──────── Provided data

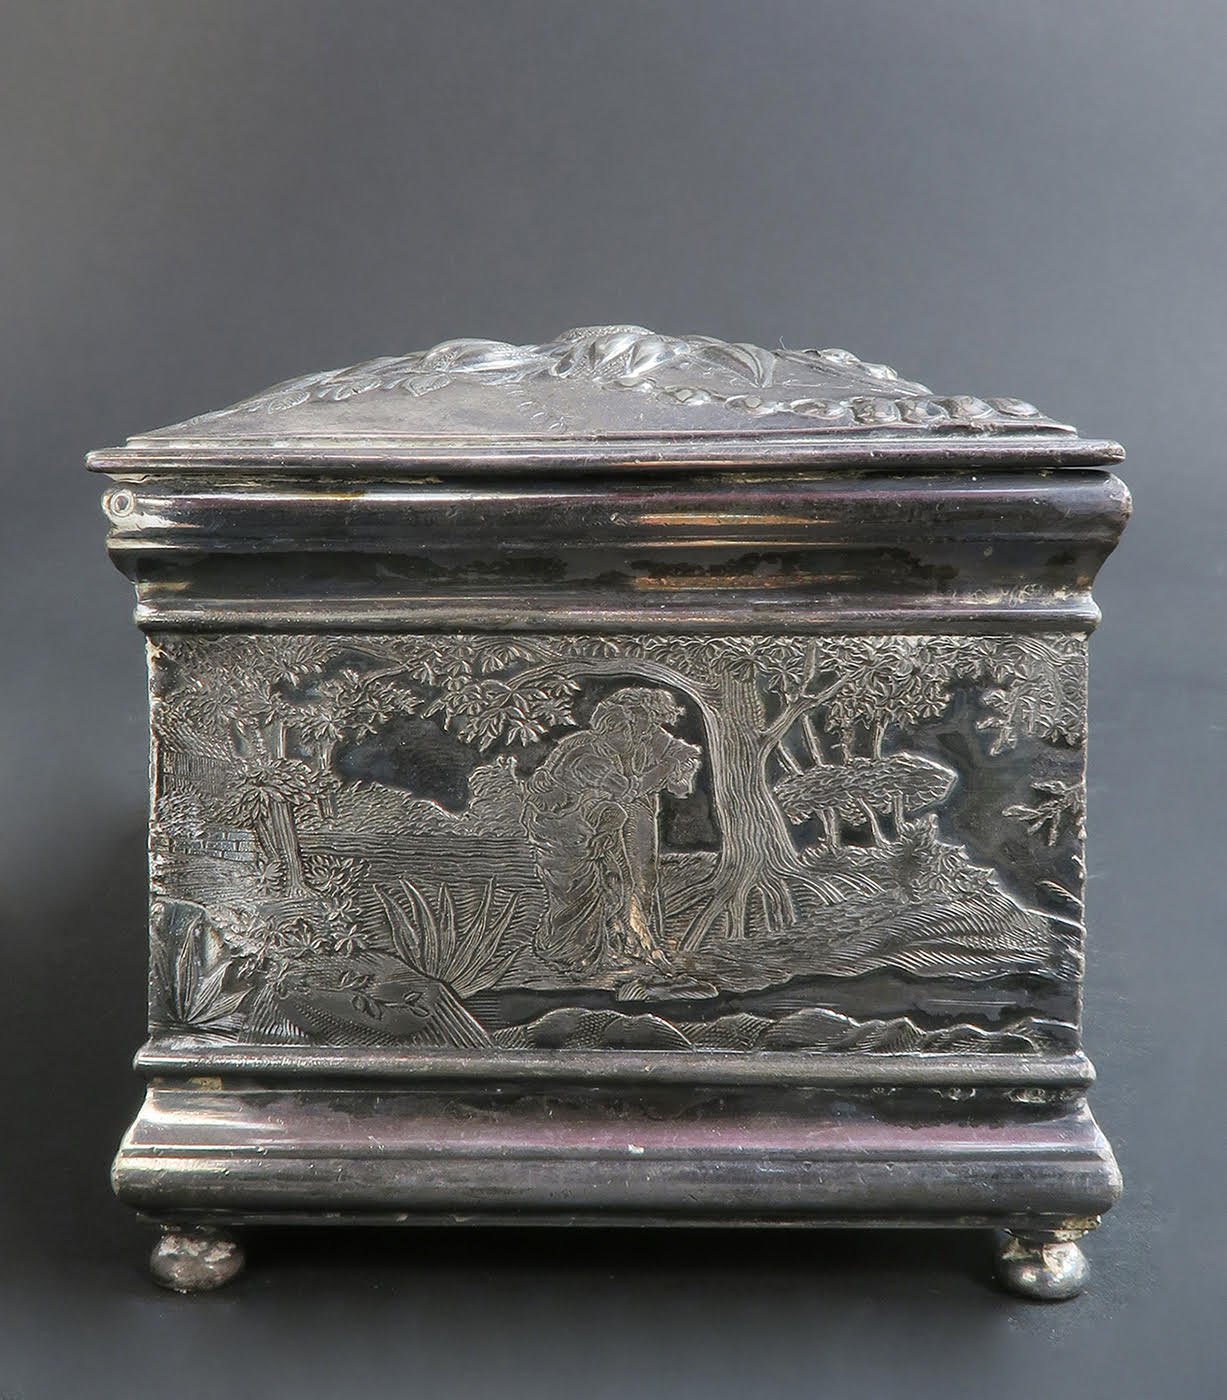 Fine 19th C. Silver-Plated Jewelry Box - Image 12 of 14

────────────────
──────── Provided data

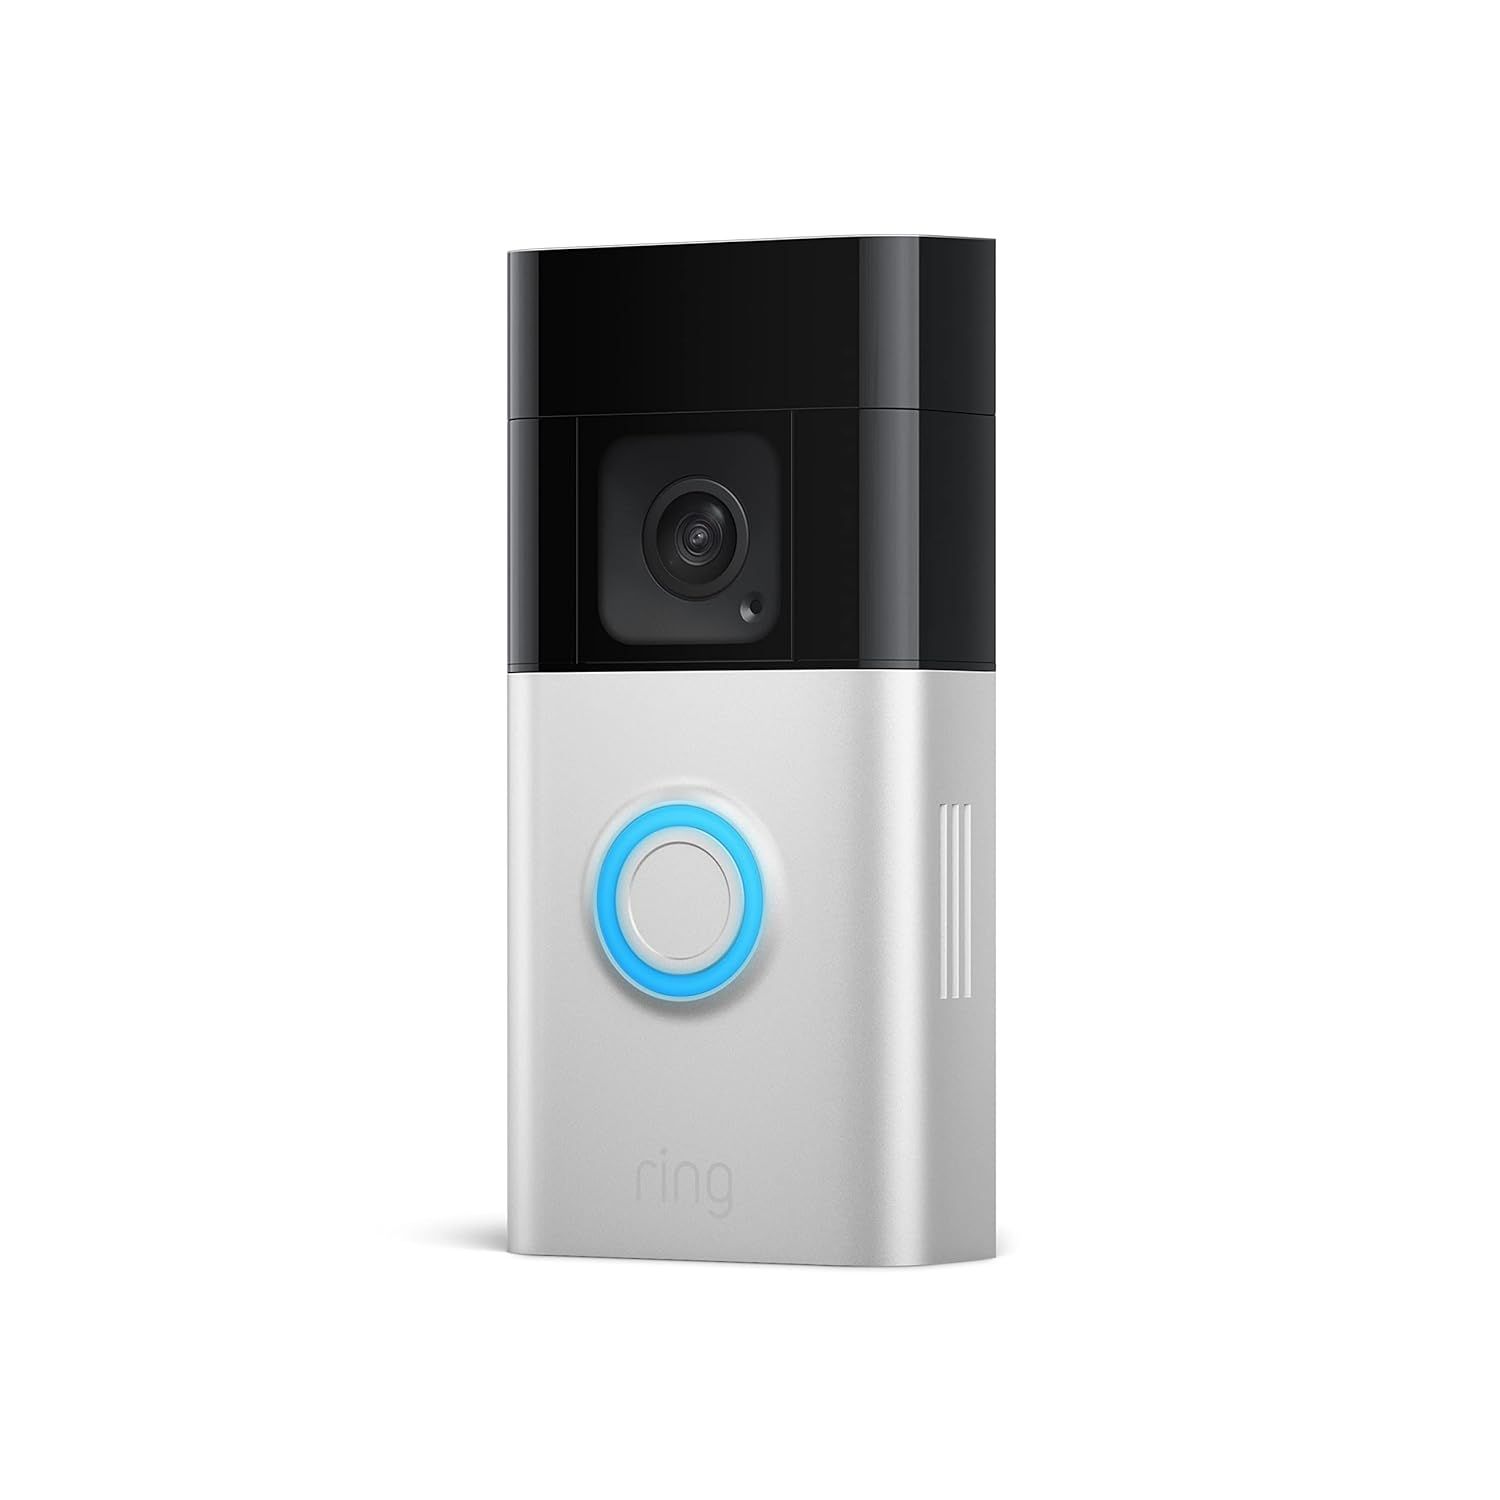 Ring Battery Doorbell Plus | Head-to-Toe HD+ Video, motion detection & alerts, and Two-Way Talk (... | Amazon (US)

────────────────
──────── Provided data

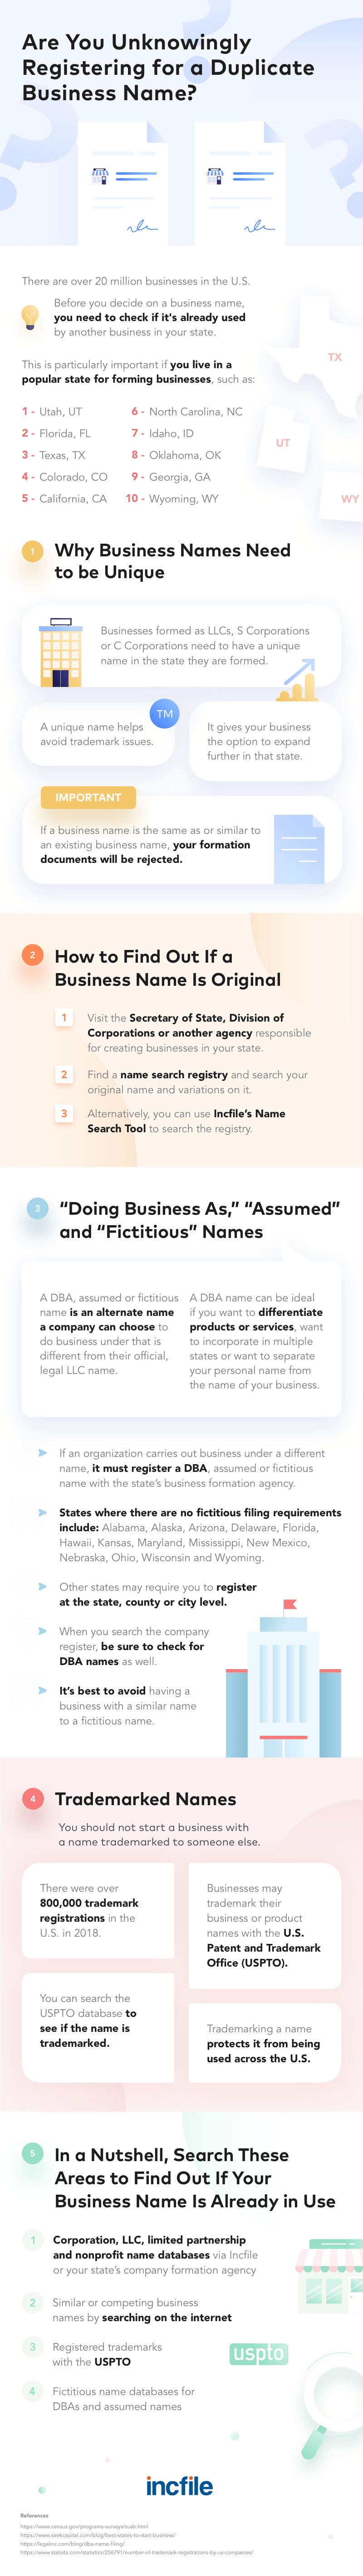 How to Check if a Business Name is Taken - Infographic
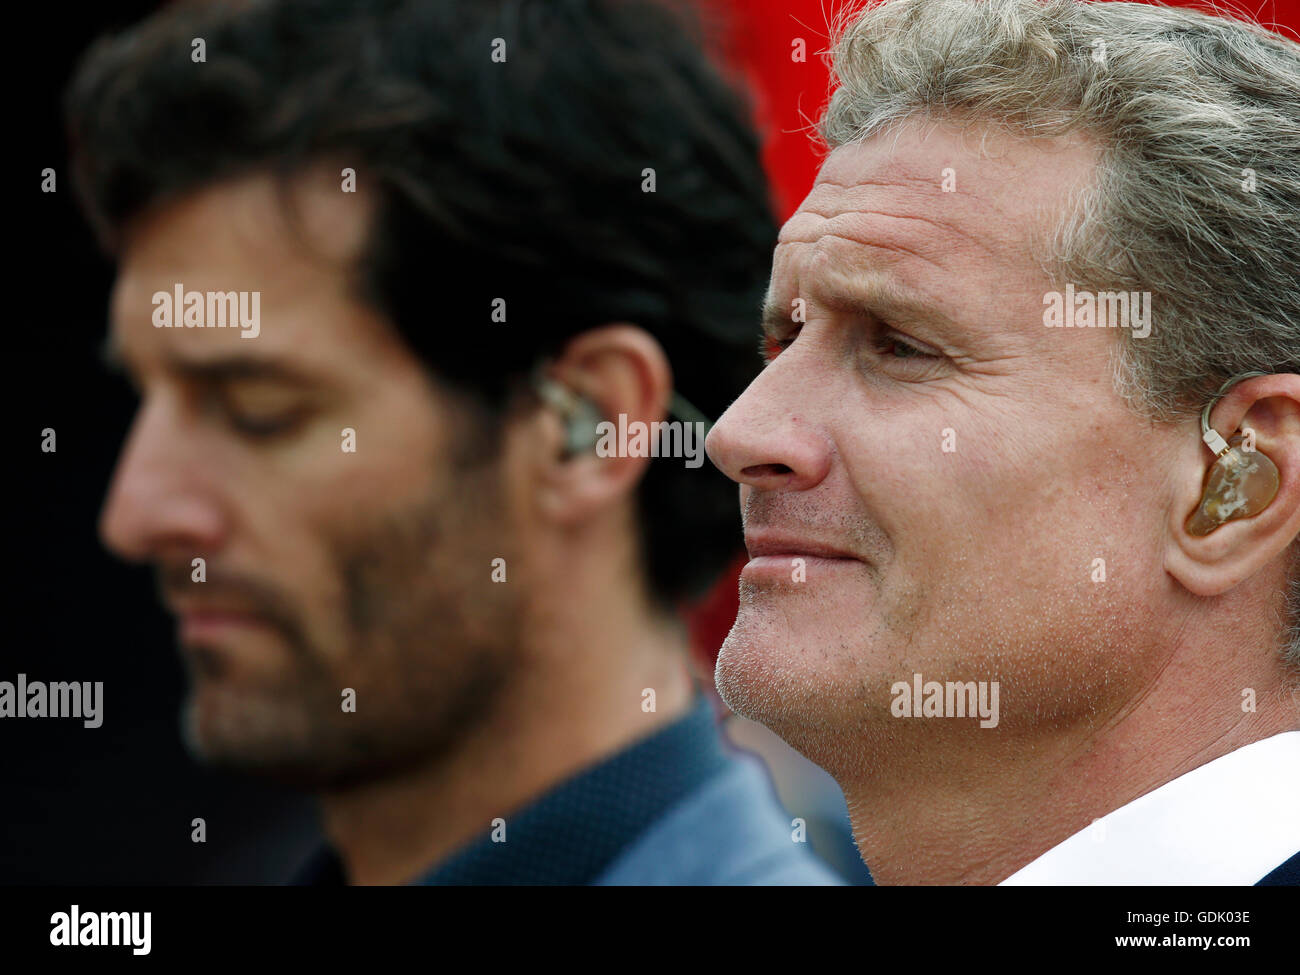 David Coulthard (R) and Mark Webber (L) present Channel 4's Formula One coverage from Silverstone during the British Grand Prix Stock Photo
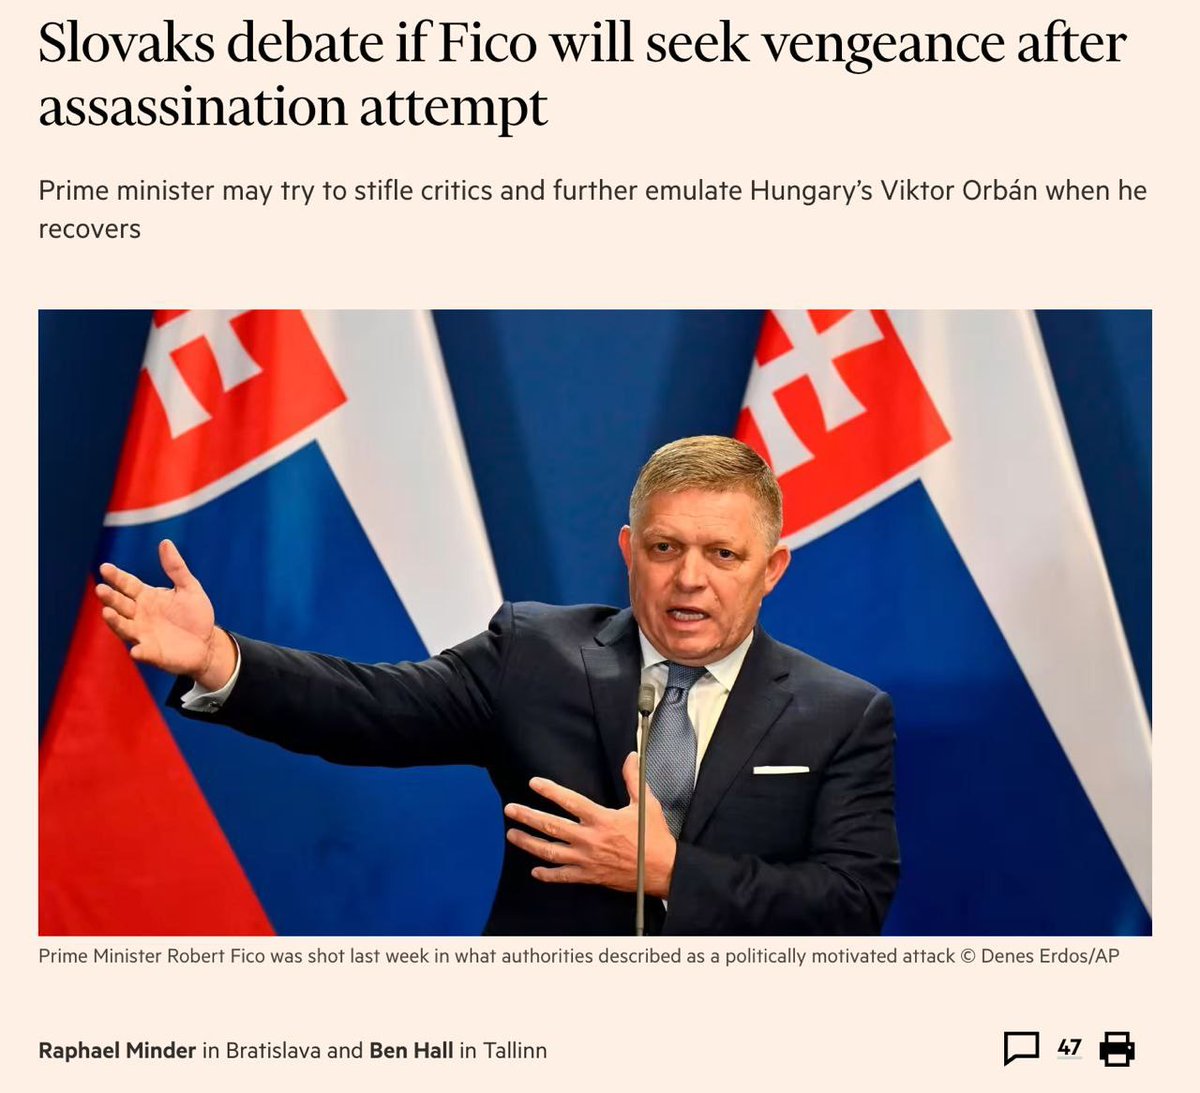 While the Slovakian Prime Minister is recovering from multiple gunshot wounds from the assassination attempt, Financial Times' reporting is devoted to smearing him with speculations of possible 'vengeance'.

────────────────

§ Task statement: In the records above, find the line with "How to Check". Print exactly from there through the line with "While the Slovakian", minus the pictures.

§ Answer for this exercise:
 How to Check if a Business Name is Taken - Infographic
 David Coulthard (R) and Mark Webber (L) present Channel 4's Formula One coverage from Silverstone during the British Grand Prix Stock Photo
 While the Slovakian Prime Minister is recovering from multiple gunshot wounds from the assassination attempt, Financial Times' reporting is devoted to smearing him with speculations of possible 'vengeance'.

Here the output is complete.